We asked Foster about customers, the competitive landscape and what obstacles they've dealt with and continue to deal with. "When my dad first moved to the U.S. there was no Internet, so dealers were sent parts catalogs. He started with a bunch in California. The dealers would get a catalog and would then order for their customers that came through their doors. Some individual racers would call and he would ship straight to them, but most people went through their local dealer. We still have dealer channels, but now it's more direct to consumer. Our newer markets include people doing retro-fitting and restoring old bikes. We're in such a niche that we really don't have much competition. There are a few other smaller companies but they don't offer customization. Others are more mass production. We use high quality materials and make everything to order."

"Really the hardest thing we face right now is that people don't really know what they have or what they need," Foster said. "They'll buy an old bike from eBay and the faring and body work isn't stock. It can be difficult to find what will work for these people. Another challenge is the cost of raw materials."

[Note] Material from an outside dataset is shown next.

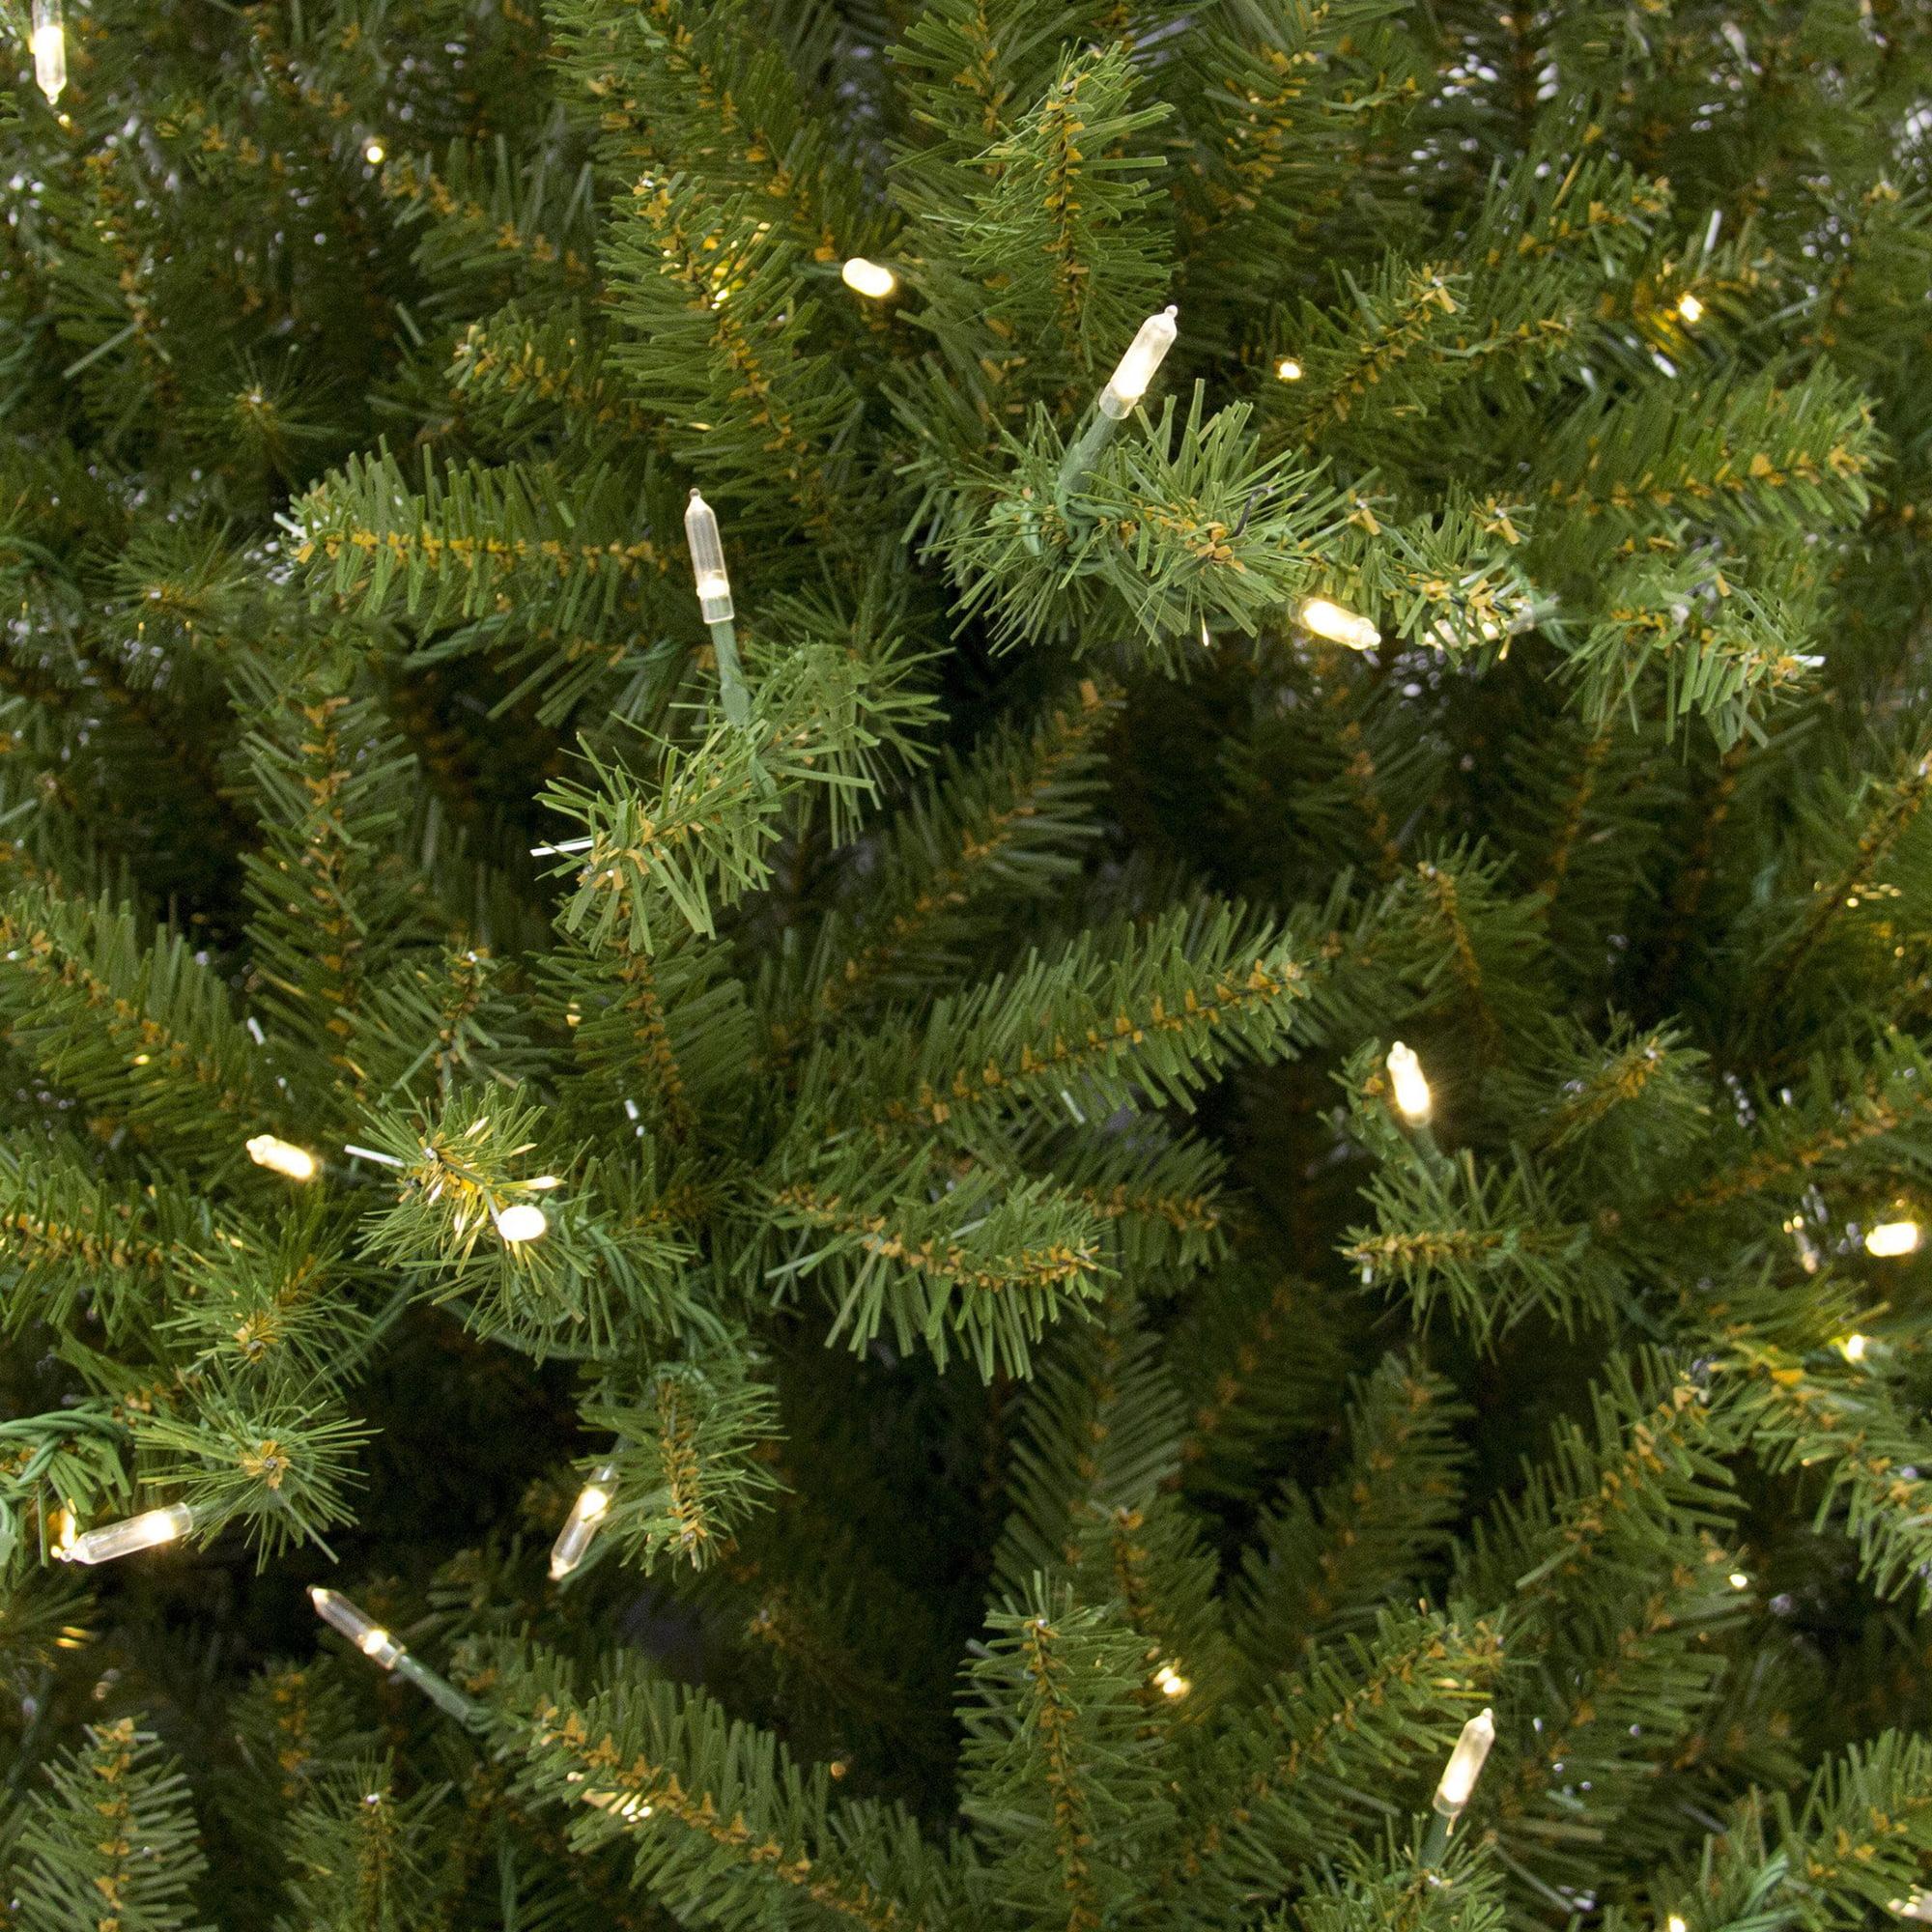 Best Choice Products 7 5ft Pre Lit Hinged Douglas Full Fir Artificial Christmas Tree Holiday Decoration W 700 Lights Walmart Com Walmart Com

Looking ahead, Gustafsson Plastics will keep their home base in St. Augustine, but will explore the possibility of opening a smaller satellite operation on the west coast. Foster and Gustafsson would like to have a production site to better serve that part of the country. They're also going to focus a bit more on newer models of windscreens and working with dealerships to push those newer models with the sale of new bikes.

What's Foster's advice for new entrepreneurs? "Check with the wife first," he jokingly said. "In all seriousness, you can always have a plan but it's never going to turn out the way you think, so you need to be somewhat flexible. Being focused and flexible are key to being a successful entrepreneur. Stay true as long as you can to your vision but be willing to adjust."